» TASK STATEMENT
For this exercise, restate every line below word for word and drop the images.

» AVAILABLE DATA
*****

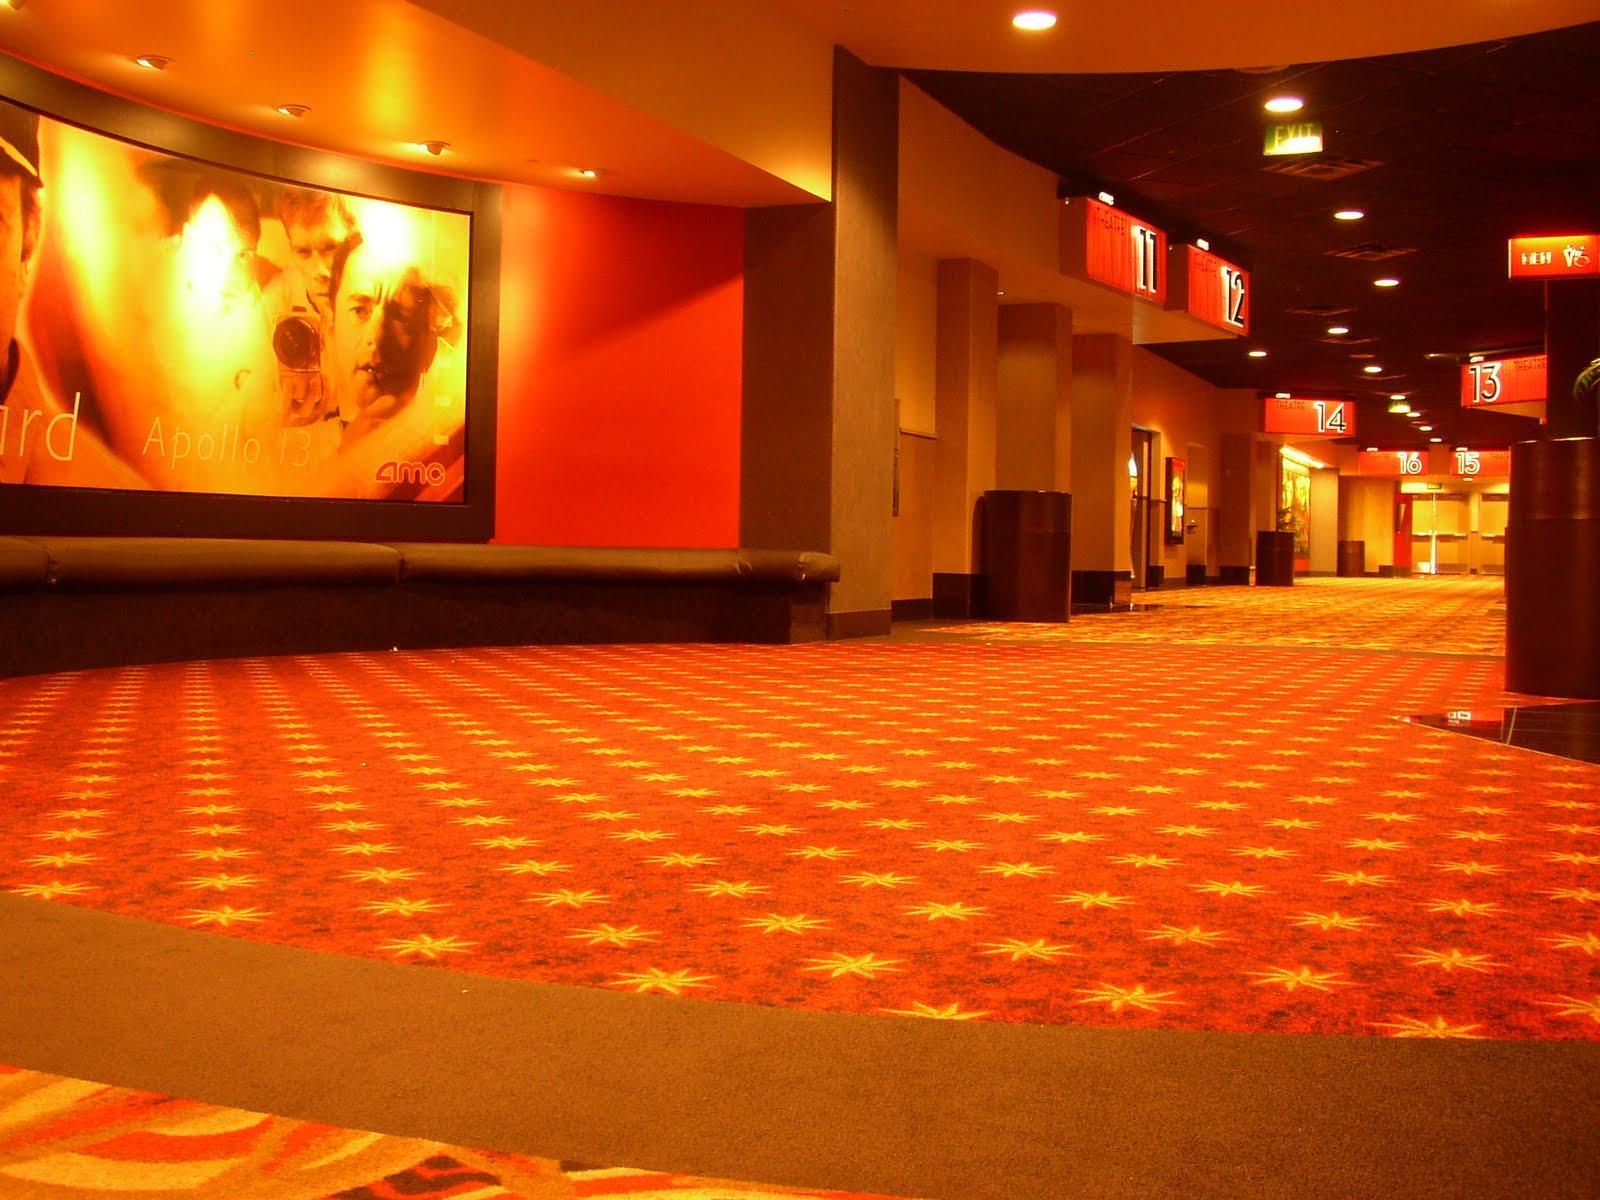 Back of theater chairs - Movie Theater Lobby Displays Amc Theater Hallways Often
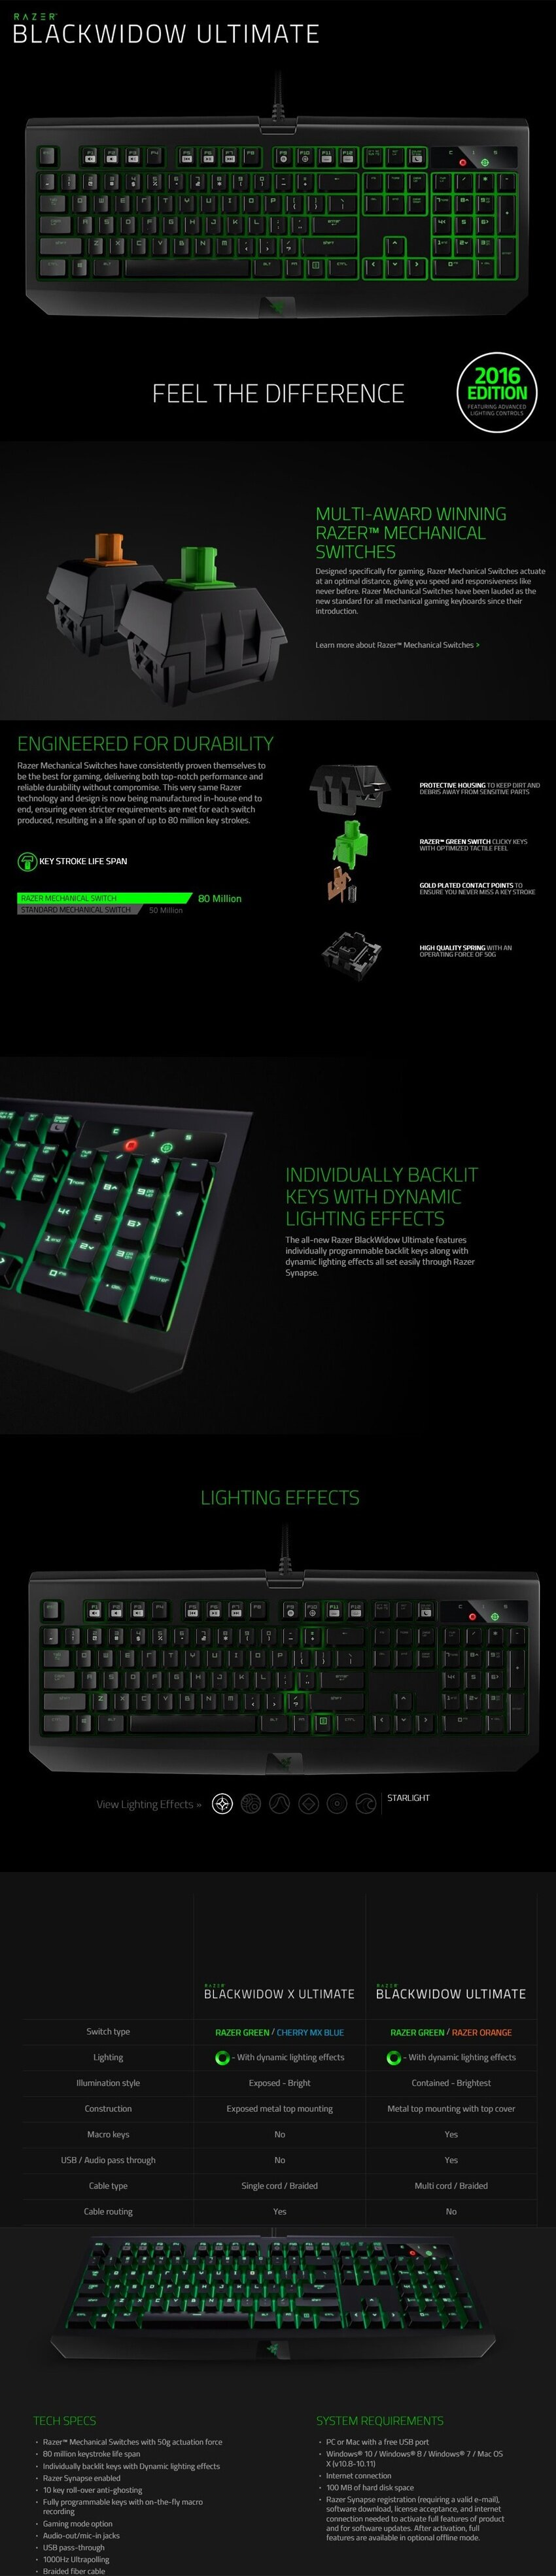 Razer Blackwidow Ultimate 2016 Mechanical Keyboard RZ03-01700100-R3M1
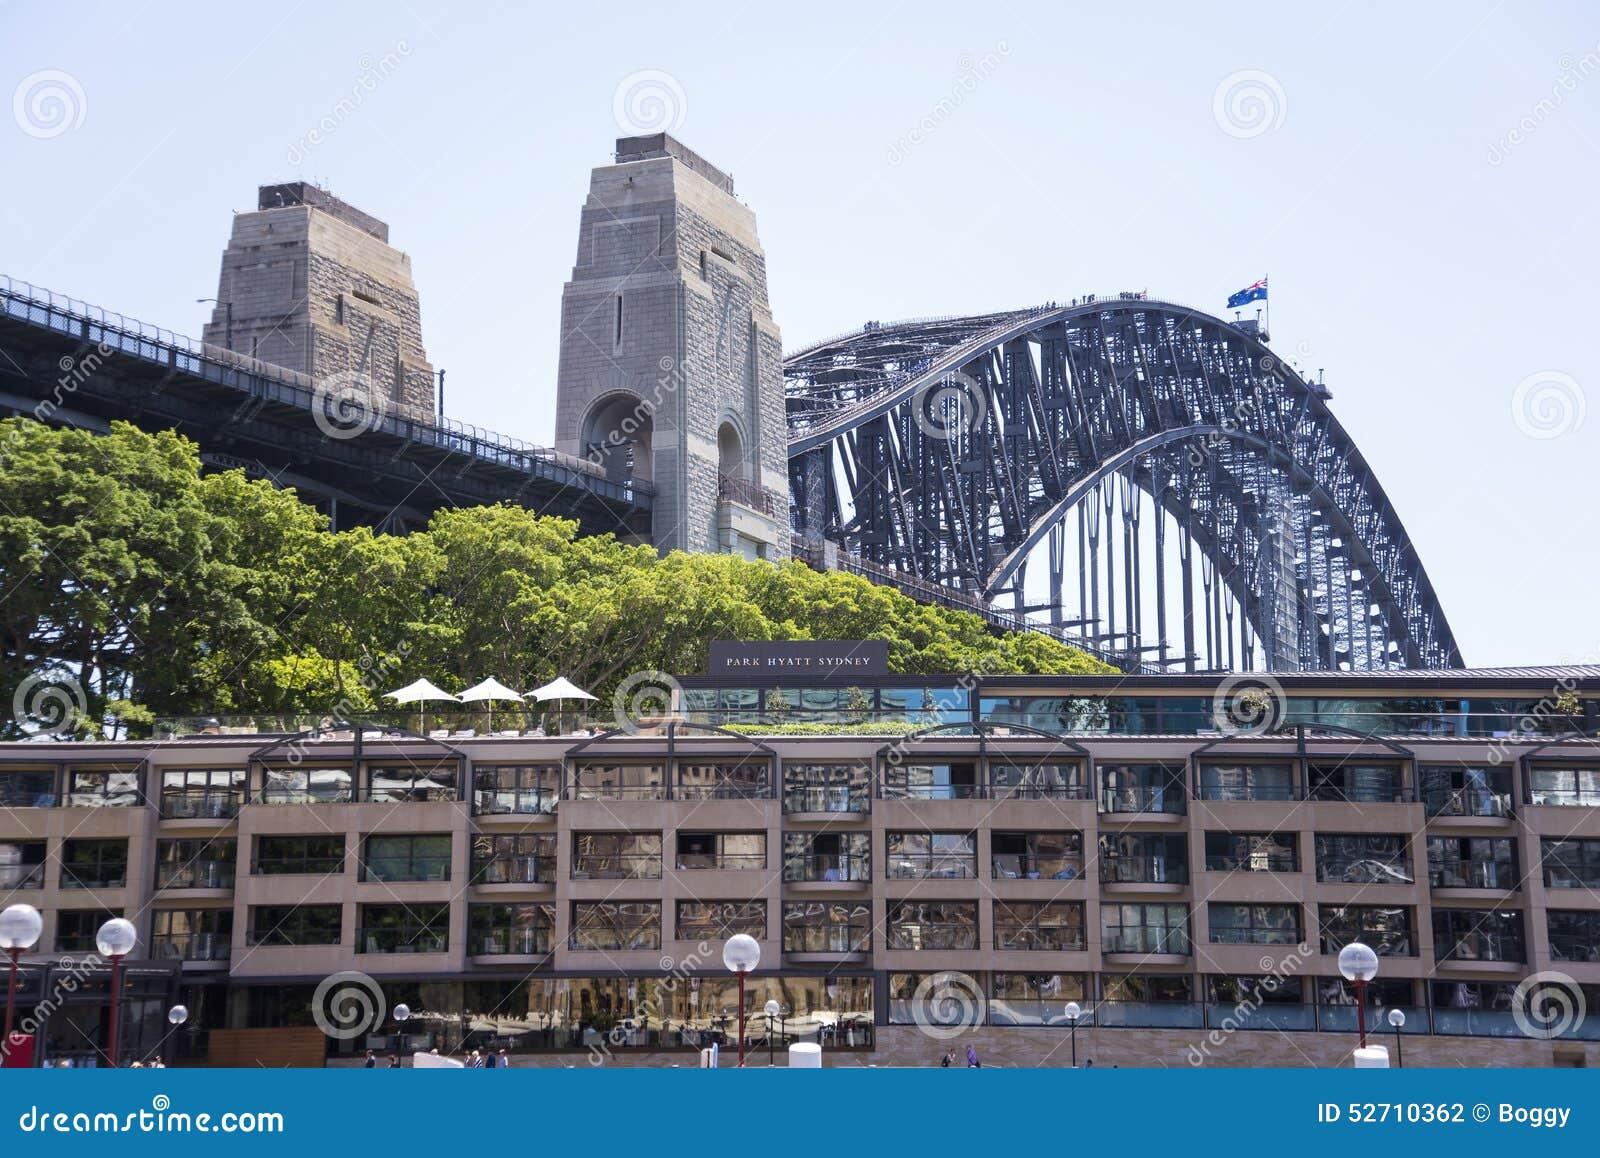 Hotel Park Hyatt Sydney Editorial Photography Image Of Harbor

*****

» FINISHED TASK
 Back of theater chairs - Movie Theater Lobby Displays Amc Theater Hallways Often
 Razer Blackwidow Ultimate 2016 Mechanical Keyboard RZ03-01700100-R3M1
 Hotel Park Hyatt Sydney Editorial Photography Image Of Harbor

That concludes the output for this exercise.